>>

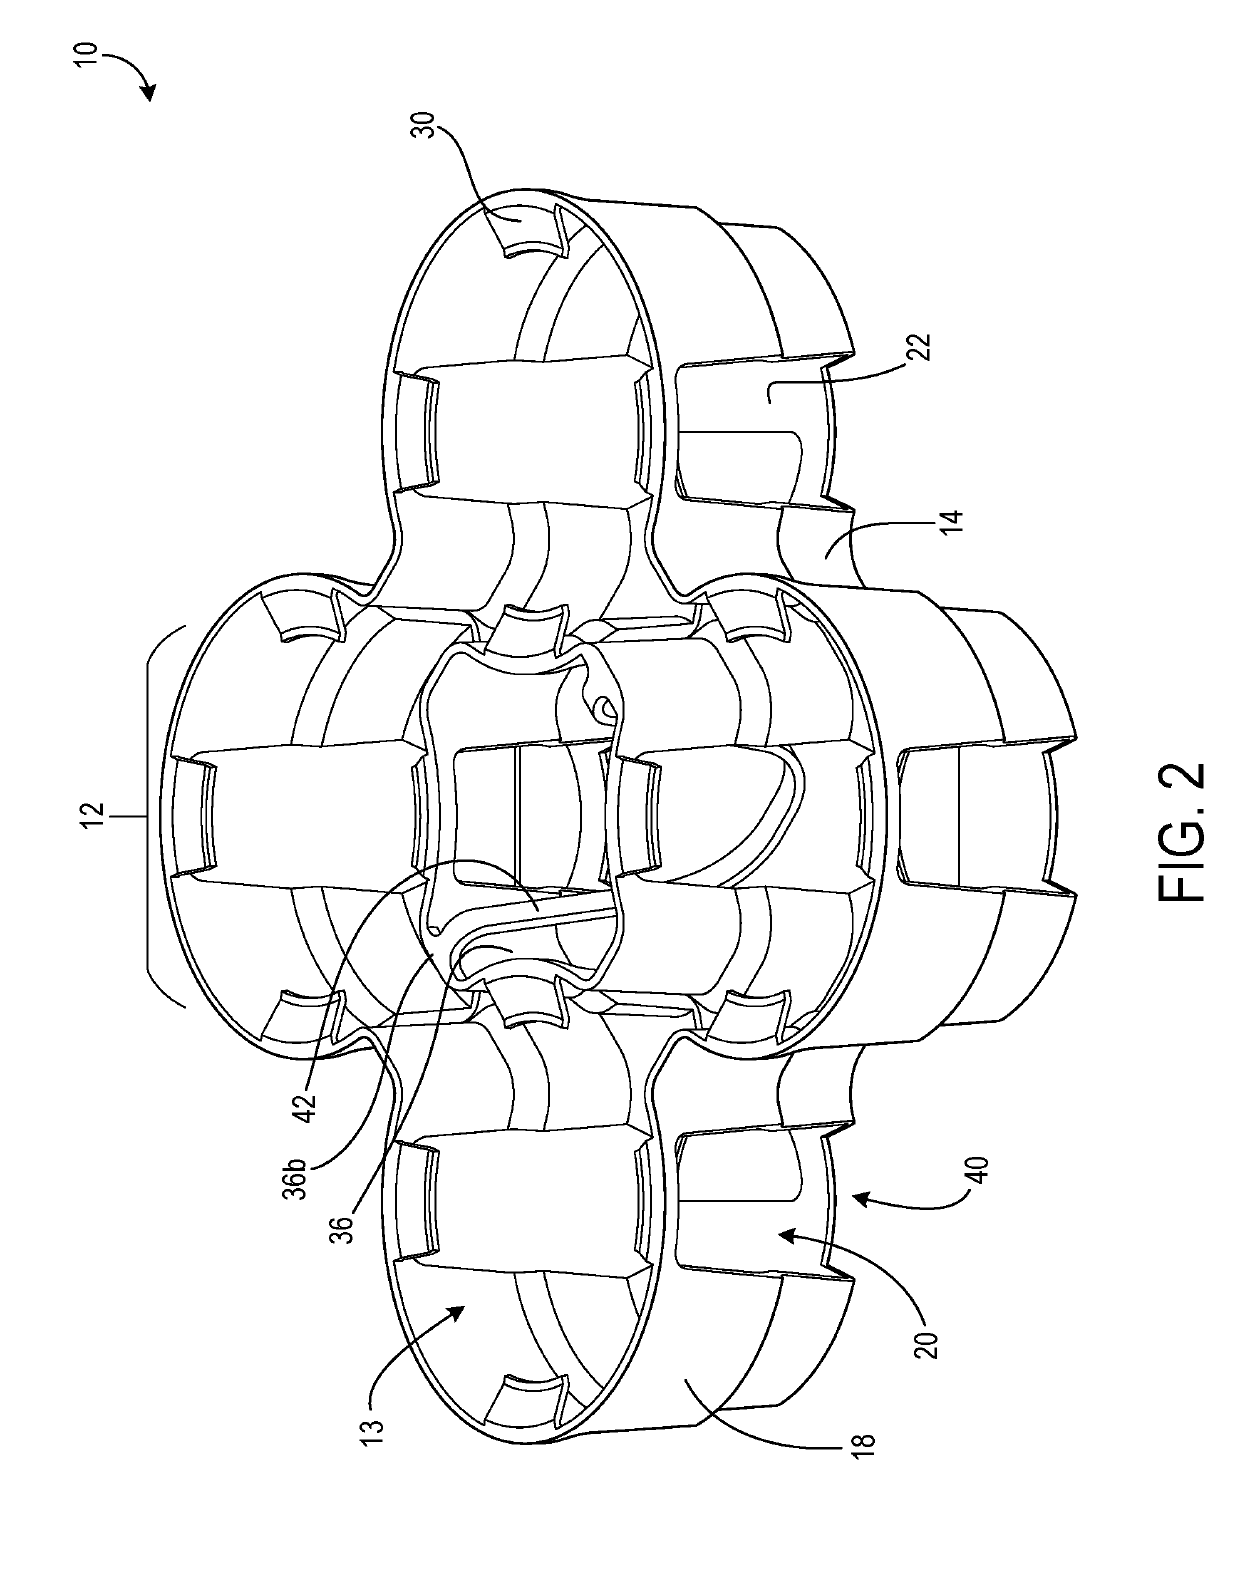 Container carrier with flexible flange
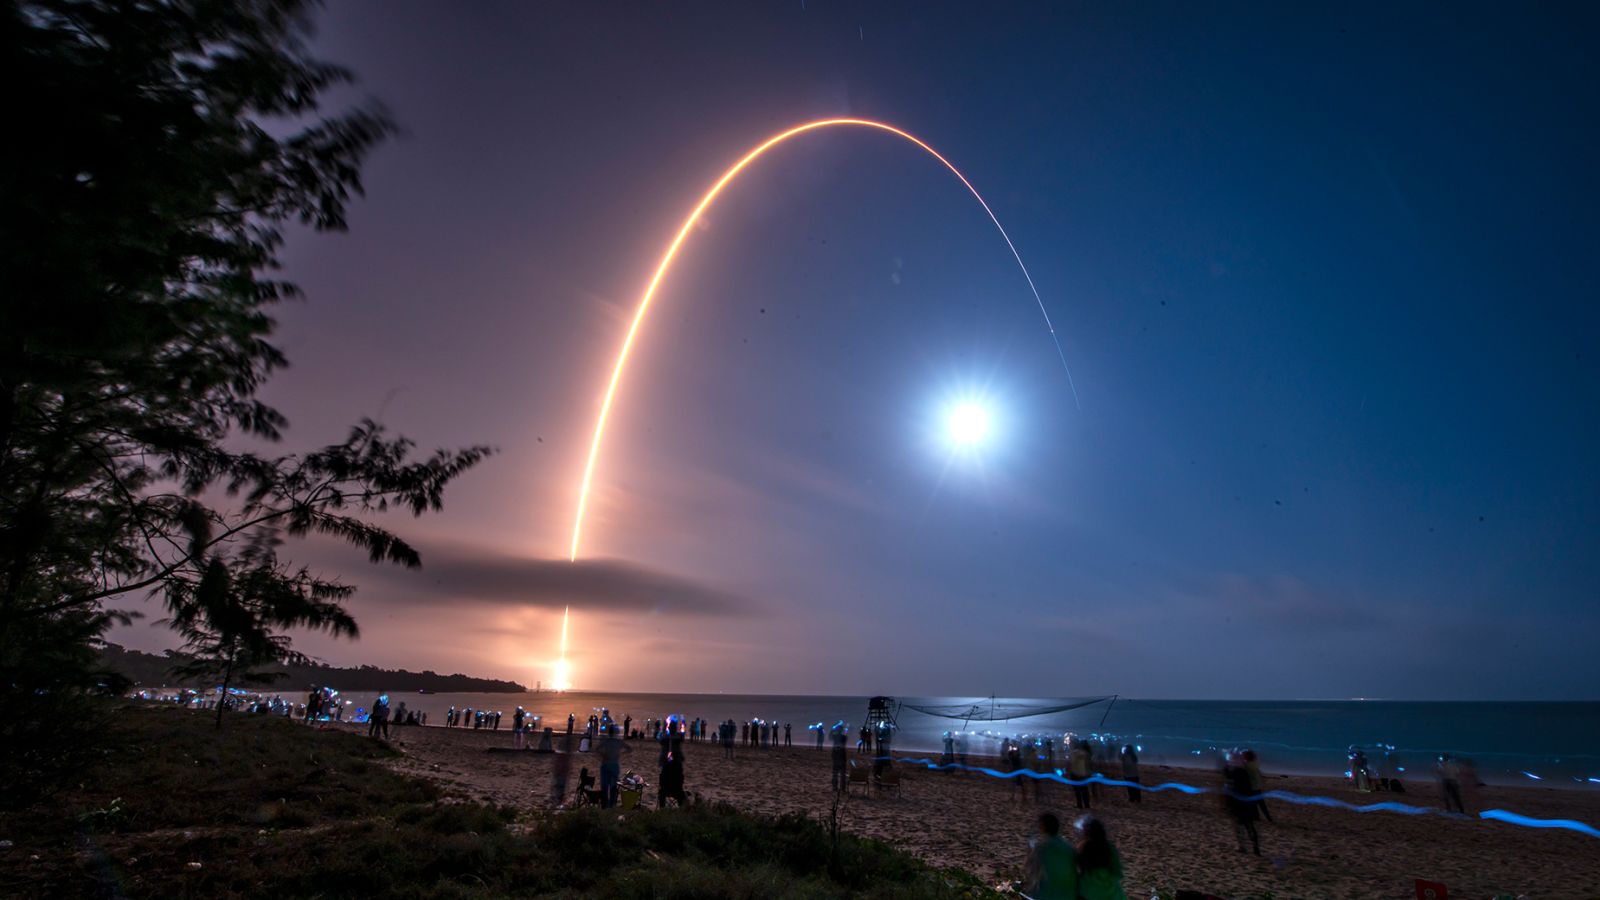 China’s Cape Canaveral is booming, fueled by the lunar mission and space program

<<
>>

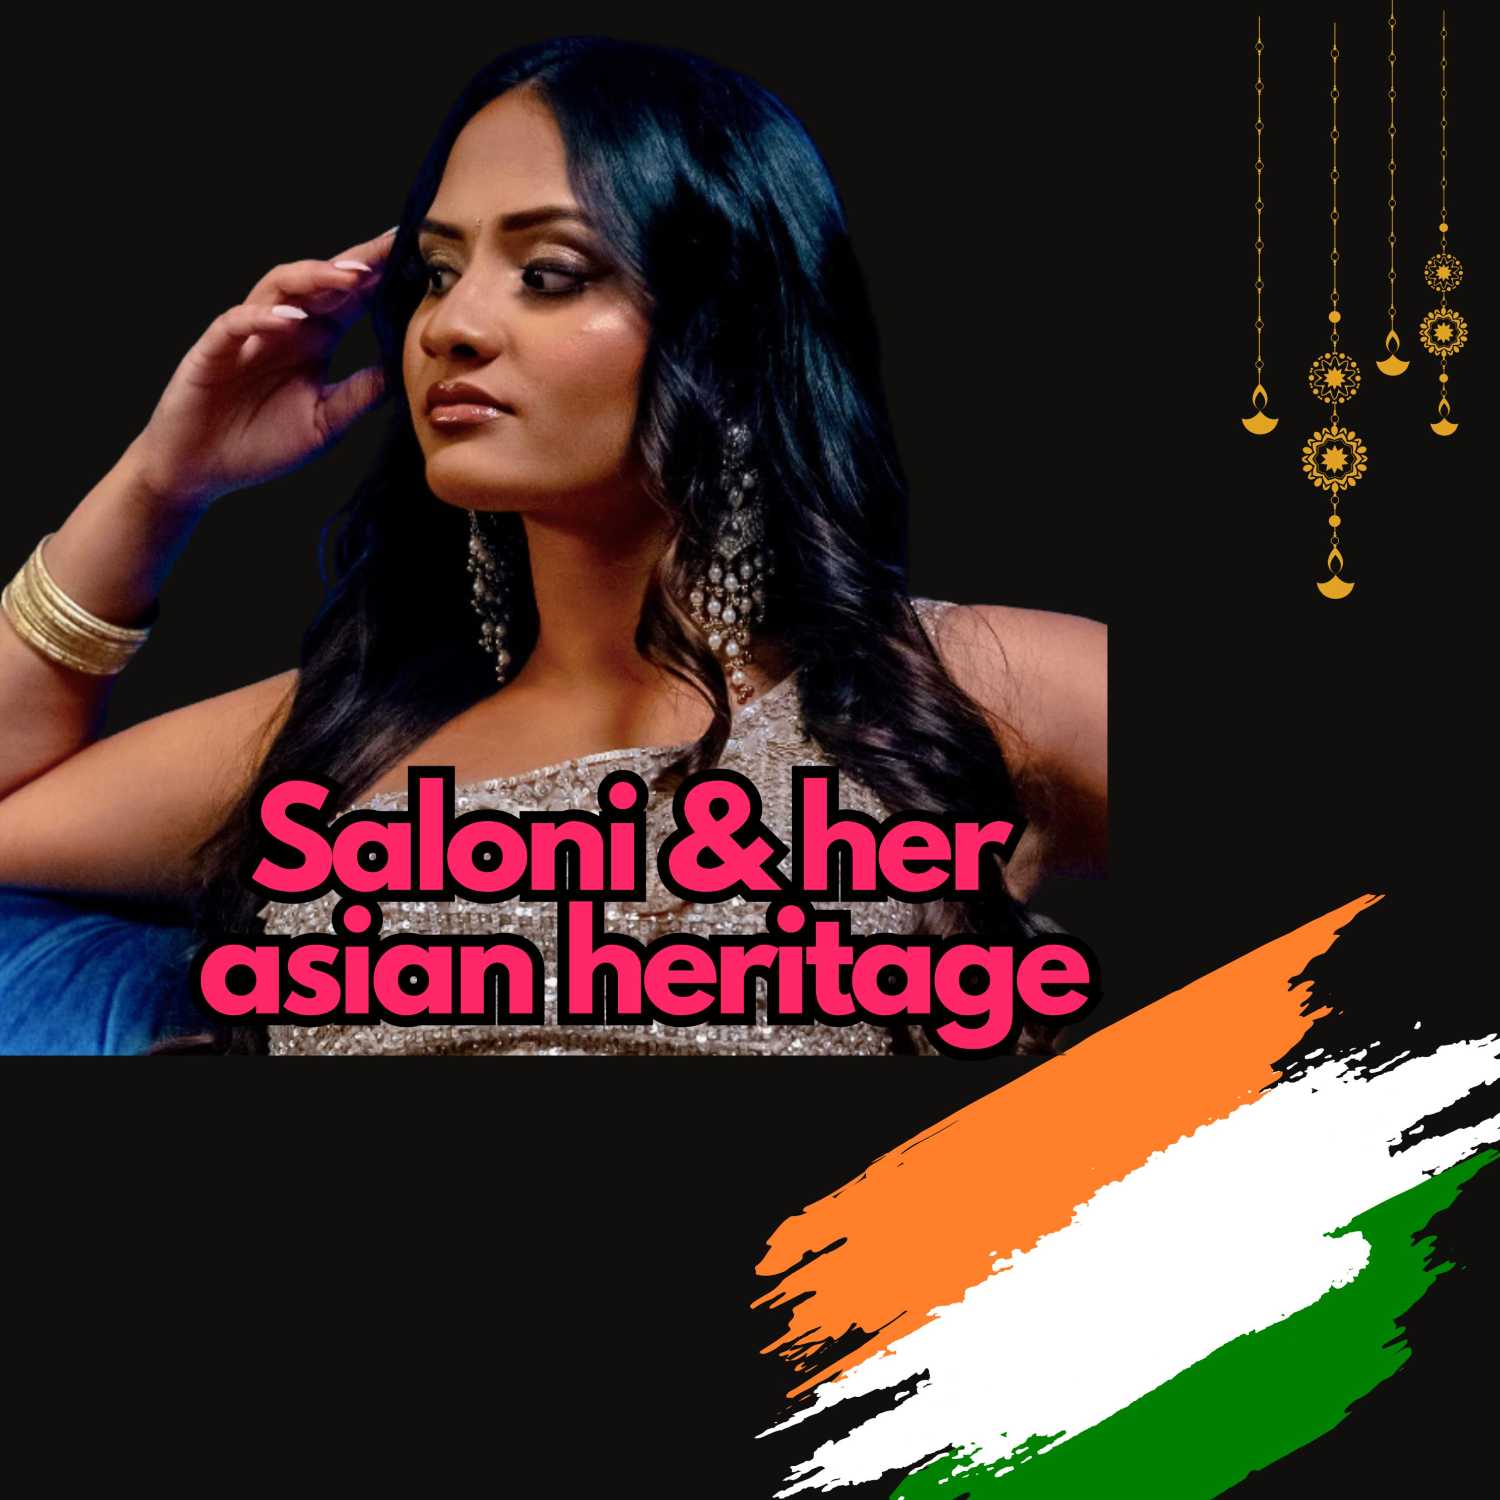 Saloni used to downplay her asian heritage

<<

→ **Task goal**
All that is wanted is the lines above between the one containing "Container carrier with flexible flange" and the one containing "China’s Cape Canaveral", inclusive, restated word for word, with pictures omitted.

→ **Written solution**
 Container carrier with flexible flange
 China’s Cape Canaveral is booming, fueled by the lunar mission and space program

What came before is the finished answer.